Wine is so much more than just alcohol
That gets into what I’ve always felt: Wine has a secret weapon, which is that it isn’t just booze. It’s an agricultural product with millennia of cultural history behind it. It's fermented grape juice in a glass, sure, but as Moore said, it always goes back to food and experience and connection. "Wine isn’t just alcohol. It’s not Everclear, or those BuzzBallz that kids are downing. It’s a living, breathing product with a story that was guided by the hands of someone who was very passionate, and who wasn’t getting a whole lot out of it other than the completion of that task.” Wines tell a story.
Maybe it’s because I’m a writer, but it’s always seemed to me that stories are what we live by, through, and in.
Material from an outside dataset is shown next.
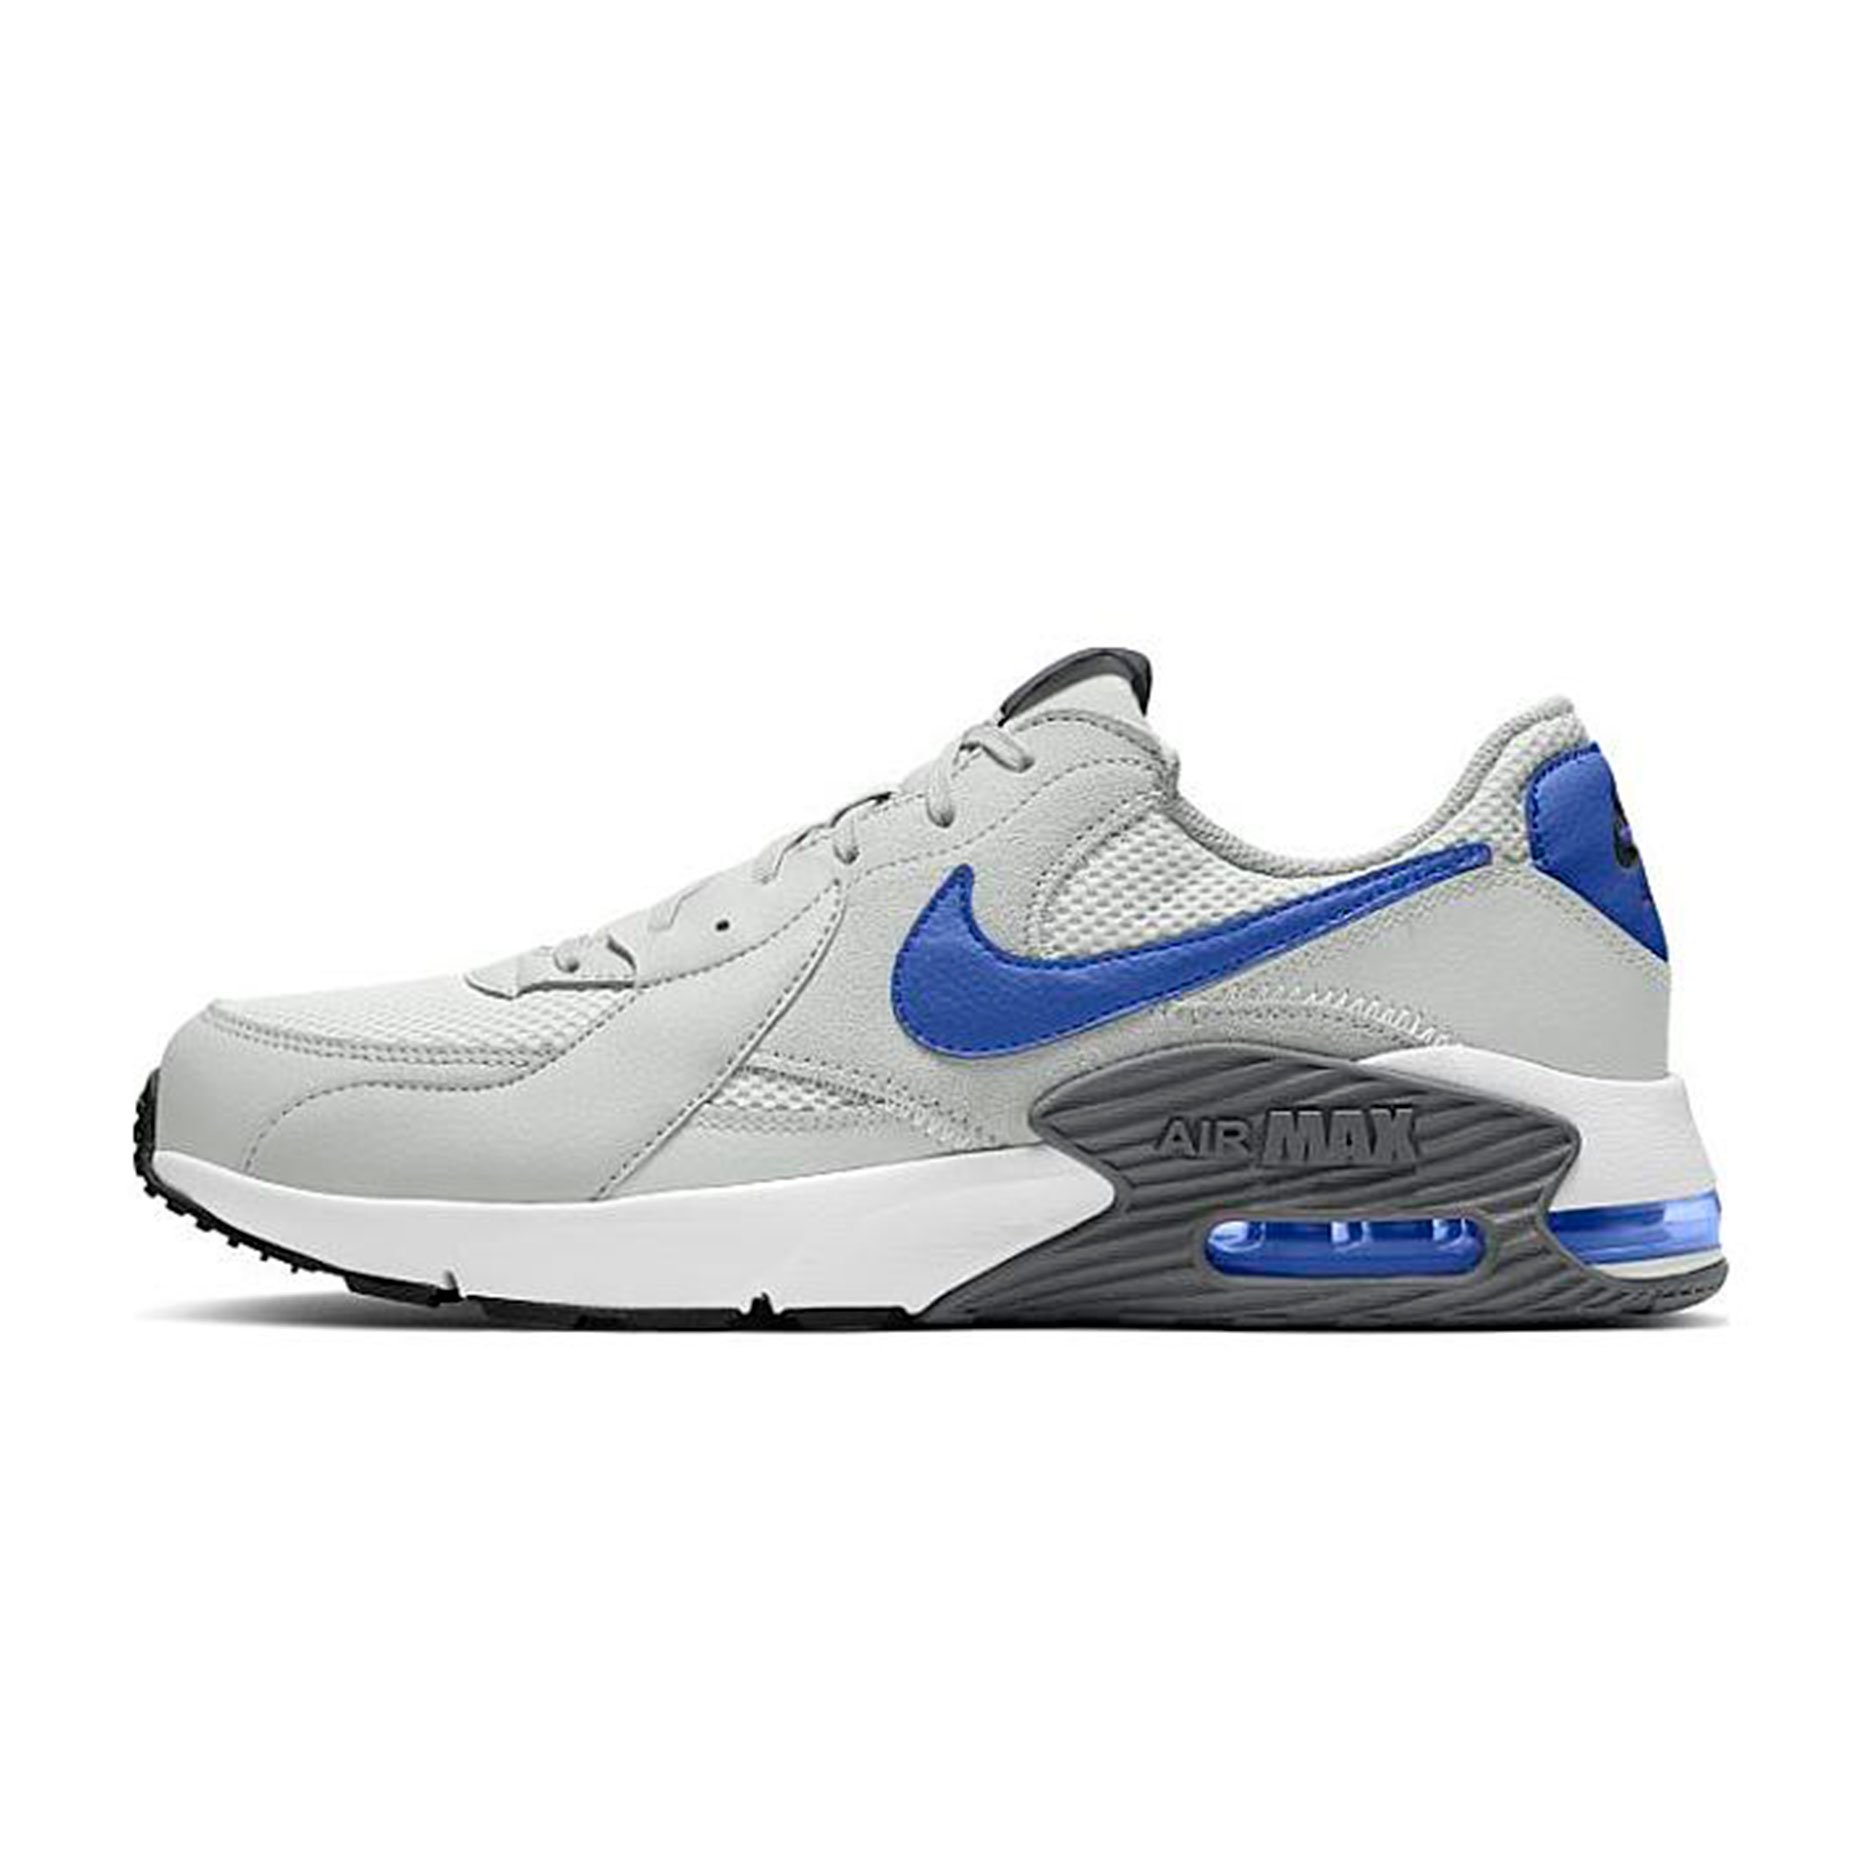 Кроссовки Nike Air Max Excee

That’s perhaps something that Martine Saunier felt as well; I’d like to think so.
"It’s alchemy — it’s working with dirt and then it’s gold. It’s magic."
Alecia Moore
Saunier, who died this week at the age of 91, was an iconic figure in wine. She was a groundbreaking importer who first brought the wines of Henri Jayer, Château Rayas, and Domaine Leroy to the U.S., among many, many other great producers. Moreover, she did so as a woman in the overwhelmingly male wine business in the 1960s and 1970s, blazing a trail for any number of talented women who followed in her path. I met her only twice. She was direct, brilliant, charismatic, and truly passionate about wine. She told great stories as well. I am sure she and Alecia Moore would have gotten along great.
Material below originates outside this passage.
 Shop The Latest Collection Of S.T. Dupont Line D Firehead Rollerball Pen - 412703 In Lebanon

"Wine has done enough damage to itself by inhaling a lot of pretension."
Ray Isle
Wine is magic from dirt
Both of them, like anyone else who loves wine, recognized its magic. To my mind, if we want more people to drink wine, communicating that distinctive allure it has is key. Not in any effete way; wine has done enough damage to itself by inhaling a lot of pretension. But maybe by getting back to its roots. Anyway, something else Moore said in our talk resonated with me, and I hope it will with you, too.
“I think that mother nature is a beautiful beast, and it’s wild to work with and around her. You never know what you’re going to get, and you see the rewards from the work and the love and the thoughtfulness that you put into it," she said.
"It’s a relationship, a relationship between you and your dirt and the plants; and the grapes you’re growing and the wine you’re making are actually teaching you that entire time. And then the wine itself becomes this living, breathing thing that you get to pass around, and it provides connection, and a reason to celebrate. It’s alchemy — it’s working with dirt and then it’s gold. It’s magic.”